Understanding BCrypt and Password Hashing in Spring Security

Introduction – The article introduces the built‑in encryption algorithm BCrypt in Spring Security, highlighting its reputation as a highly secure hashing method.

Hash (Hash) vs. Encryption (Encrypt)

Hashing converts input text into a fixed‑length, irreversible digest, while encryption transforms input into a reversible ciphertext of variable length.

Hash algorithms generate outputs of the same length; encryption outputs vary with the plaintext length.

Hashes are one‑way; encryption is reversible.

Although a hash is not an encryption algorithm, its one‑way nature makes it a component of security mechanisms.

JDK String hashCode Implementation

public int hashCode() {
    int h = hash;
    if (h == 0 && value.length > 0) {
        char val[] = value;
        for (int i = 0; i < value.length; i++) {
            h = 31 * h + val[i];
        }
        hash = h;
    }
    return h;
}

The algorithm follows the formula s[0]*31^(n-1) + s[1]*31^(n-2) + ... + s[n-1] , where s[i] is the character at index i and n is the string length.

HashMap Secondary Hashing

HashMap first calls hashCode() on the key, then applies a secondary hash:

// Compute secondary hash
int hash = hash(key.hashCode());

static int hash(int h) {
    h ^= (h >>> 20) ^ (h >>> 12);
    return h ^ (h >>> 7) ^ (h >>> 4);
}

Despite different formulas, the secondary hash ensures that identical keys produce the same final hash value.

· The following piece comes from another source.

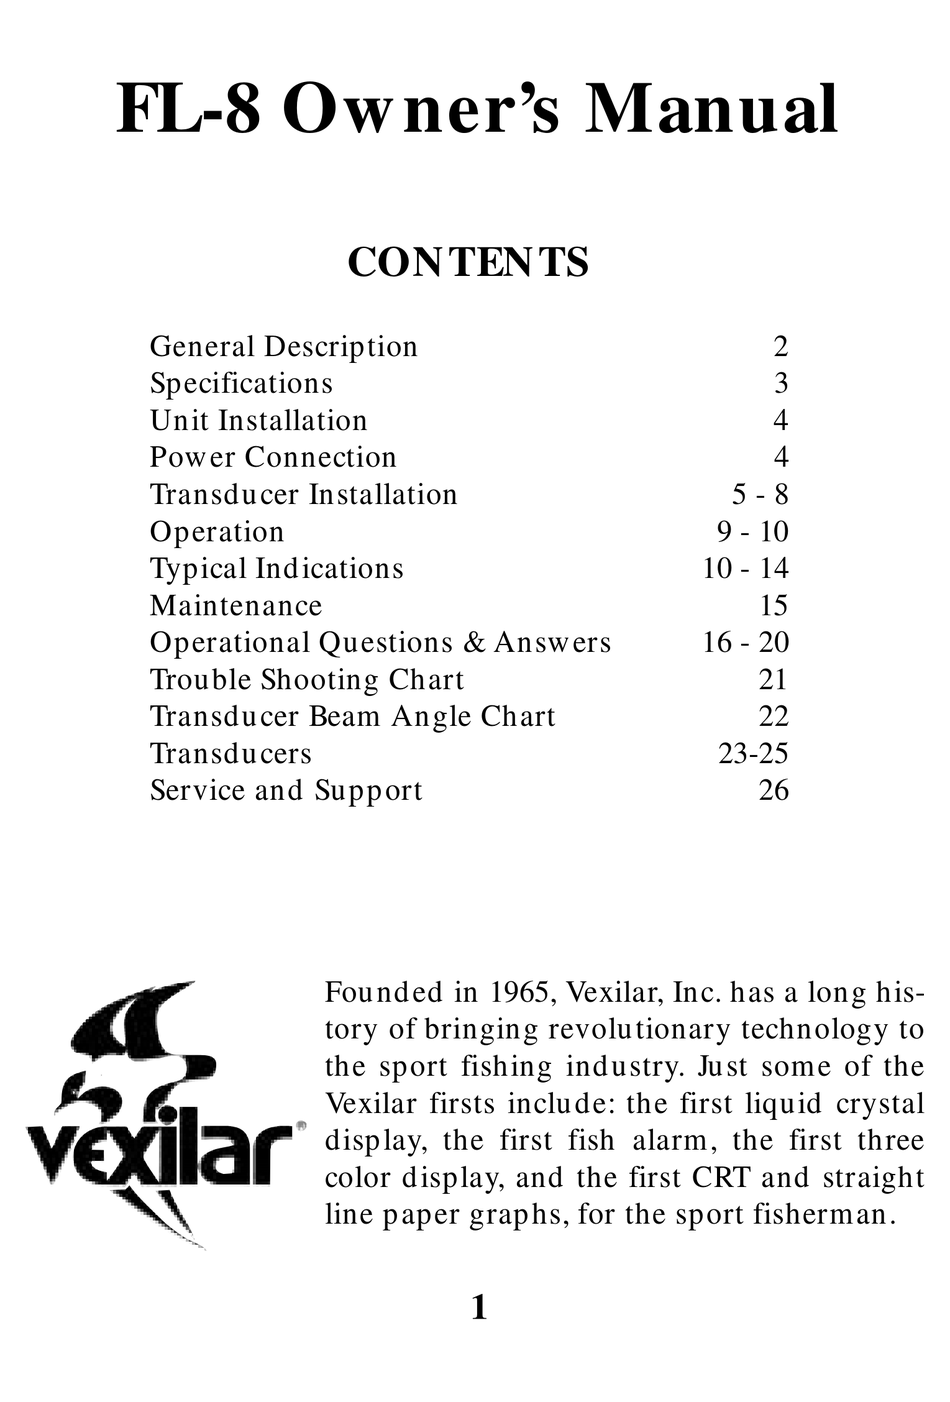 Trouble Shooting Chart - VEXILAR FL-8 Owner's Manual [Page 21]

Why Is a Hash Irreversible?

Because information is lost during the hashing process; many different inputs can produce the same hash (e.g., a simple addition hash of 3+4=7 cannot be uniquely reversed).

Why MD5 Is Insecure

MD5 produces a fixed hash for a given input, making it vulnerable to brute‑force enumeration, dictionary attacks, and rainbow tables. Even though brute‑force on a single machine is costly, distributed computing can still crack MD5 hashes.

Defending Against Rainbow‑Table Attacks

The most effective defense is adding a unique salt to each password before hashing, which makes pre‑computed rainbow tables ineffective.

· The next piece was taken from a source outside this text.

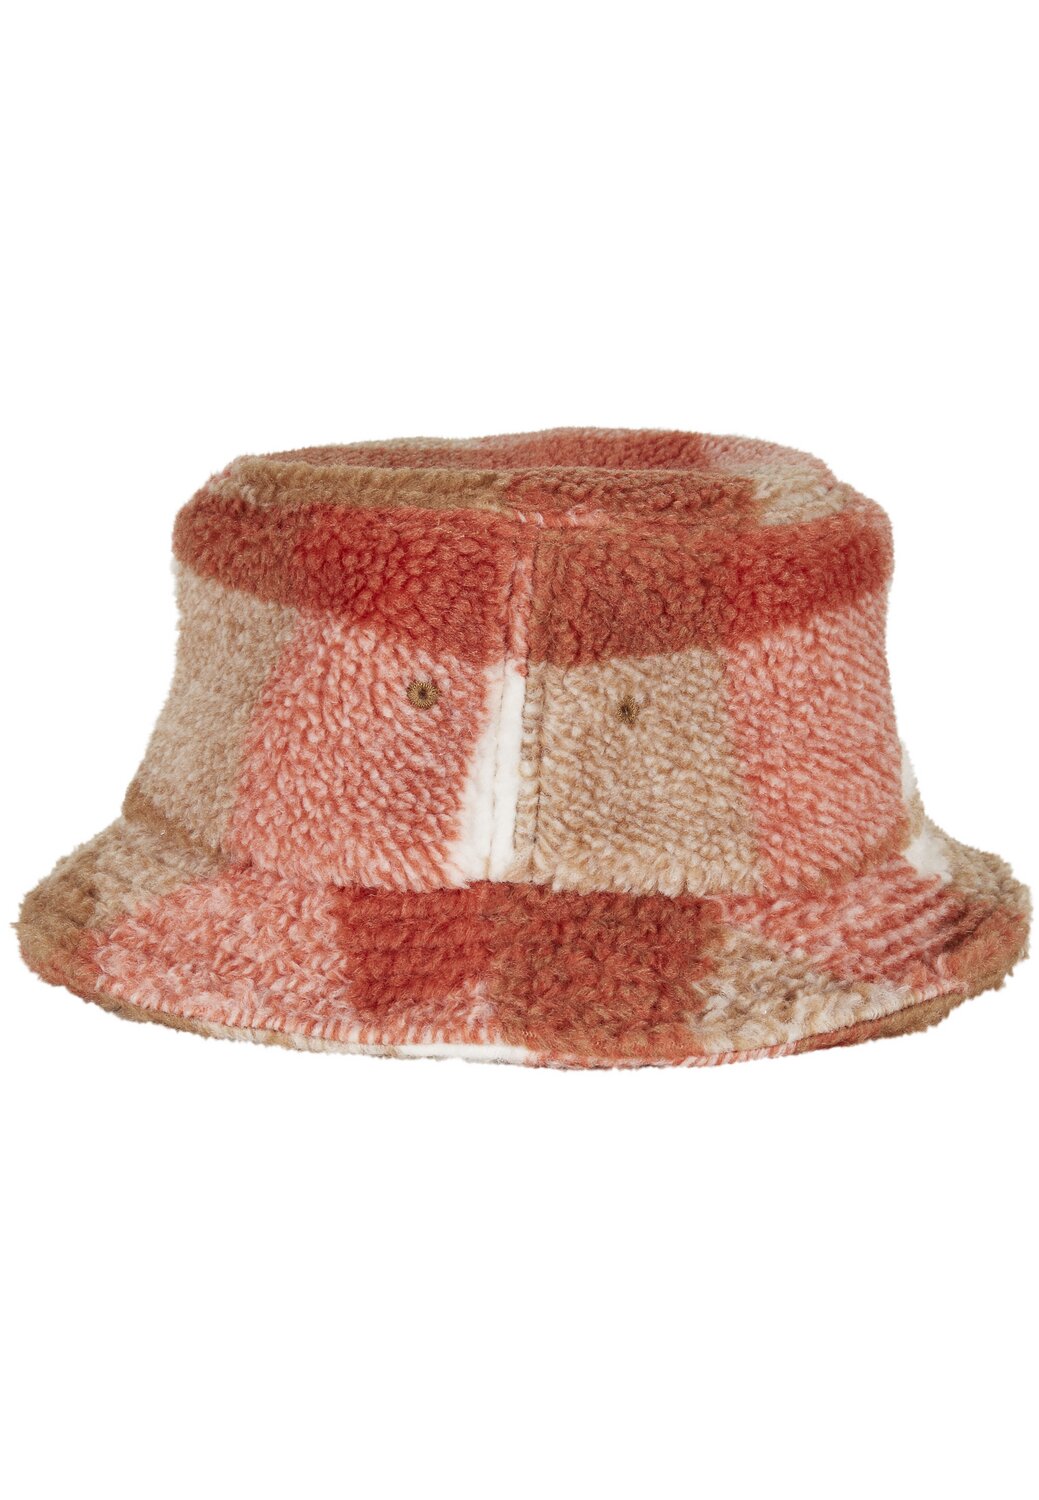 Bucket Hat Sherpa Check Flexfit white/sand/toffee | MAXISCOOT

BCrypt – A More Secure Hashing Algorithm

BCrypt, designed by Niels Provos and David Mazières, is based on the Blowfish cipher and includes built‑in random salting and an adjustable cost factor to slow down brute‑force attacks.

In Spring Security, BCrypt can be used as follows:

@Bean
public PasswordEncoder passwordEncoder() {
    return new BCryptPasswordEncoder();
}

The generated hash format is $2b$[cost]$[22‑character‑salt][31‑character‑hash] . Example:

$2a$10$N9qo8uLOickgx2ZMRZoMyeIjZAgcfl7p92ldGxad68LJZdL17lhWy

Here $2a$ identifies BCrypt, 10 is the cost factor (2^10 = 1024 rounds), the next 22 characters are the Base64‑encoded salt, and the final 31 characters are the Base64‑encoded hash.

PasswordEncoder Interface

Spring Security provides the PasswordEncoder interface with three methods:

public interface PasswordEncoder {
    String encode(CharSequence rawPassword);
    boolean matches(CharSequence rawPassword, String encodedPassword);
    default boolean upgradeEncoding(String encodedPassword) { return false; }
}

encode – hashes a raw password for storage (e.g., during user registration).

matches – verifies a raw password against a stored hash (e.g., during login).

upgradeEncoding – determines whether a stored hash needs re‑encoding.

Example usage in a registration flow:

// Save user with hashed password
user.setPassword(passwordEncoder.encode(user.getPassword()));

BCryptPasswordEncoder is the recommended implementation:

public class PasswordEncoderTest {
    @Test
    void bCryptPasswordTest() {
        PasswordEncoder passwordEncoder = new BCryptPasswordEncoder();
        String rawPassword = "123456"; // original password
        String encodedPassword = passwordEncoder.encode(rawPassword);
        System.out.println("Original password" + rawPassword);
        System.out.println("Hashed password:" + encodedPassword);
        System.out.println(rawPassword + " matches " + encodedPassword + ":" + passwordEncoder.matches(rawPassword, encodedPassword));
        System.out.println("654321 matches " + encodedPassword + ":" + passwordEncoder.matches("654321", encodedPassword));
    }
}

Running the test shows that each call to encode produces a different hash due to random salting, making BCrypt resistant to rainbow‑table and brute‑force attacks.

In summary, BCrypt provides random salts, adjustable cost, and strong security, making it the preferred password‑hashing algorithm in Spring Security.